While the airborne drones commonly used by the military are piloted by remote control, and some autonomous under­water craft use computer-controlled collision avoidance programs, Sea Hunter was designed to achieve an even higher level of self-control--a challenge not unlike that designing autonomous vehicles. Though sea traffic is nowhere near that of highway driving, the stakes of an error are significantly higher. And there are no road signs, traffic lanes, or dividing lines for the software to track. Cook, a self-described "autonomy snob," says, "I think a [self-driving] car is easier."

Leidos designed Sea Hunter to meet the fundamental rules of human ship-to-ship encounters, which require that a ship follow different procedures depending on its features and functions. Typically, one ship is to stay on course and the other is to give way. But the priorities differ for sailboats vs. powerboats, the direction of the wind, and many other criteria. Sea Hunter uses sensor data from cameras and radar to assess any other craft it encounters and properly choose the correct maneuver.

Some of the largest savings achieved by unmanned vessels come from long missions. Sea Hunter could remain at sea for weeks, voyaging from California to Hawaii and back almost twice without returning to base. The fiberglass hulled boat isn't meant for the front lines of battle but could serve as a prototype for future autonomous ships built with a variety of materials and missions in mind.

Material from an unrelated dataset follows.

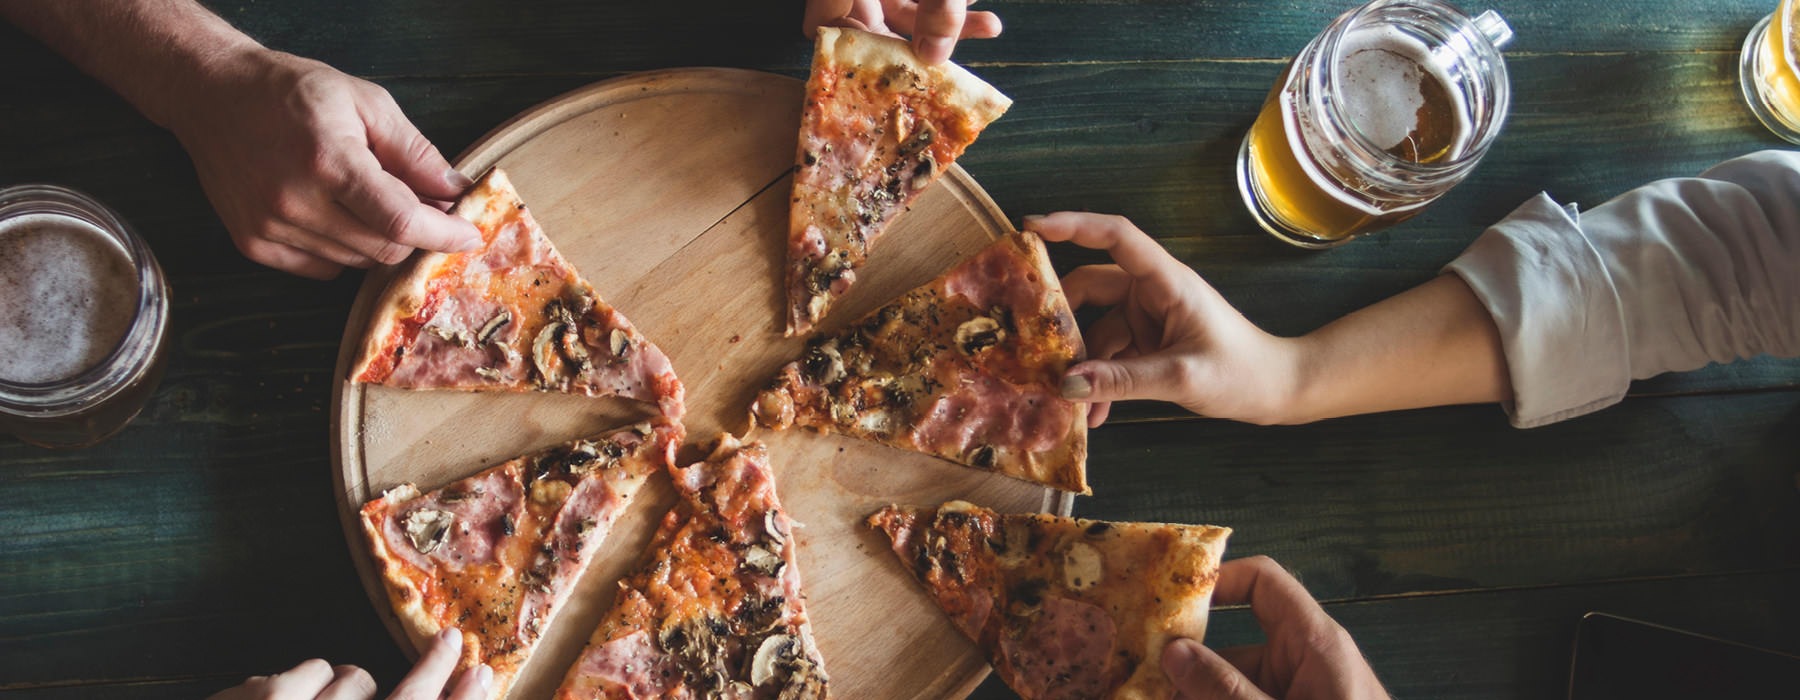 hands reach in for slices for pizza in local restaurant

I was the Navy that sought the big test--an ocean crossing with "no human hands on"--to prove that the concept of unmanned vessels was ready for a much bigger push. After Sea Hunter passed with flying colors, the Navy Department issued requests in April for the design of truly combat-ready medium-size and large-size (up to 300 feet long) unmanned surface vessels. Says Rear Adm. Ronald Boxall, director of surface warfare for the Navy: "We're looking for a mix of ships that gives us the most lethality per dollar." Unmanned ships are "in a research and development phase right now, but they could cross into an operational procurement phase relatively quickly when we think we're ready."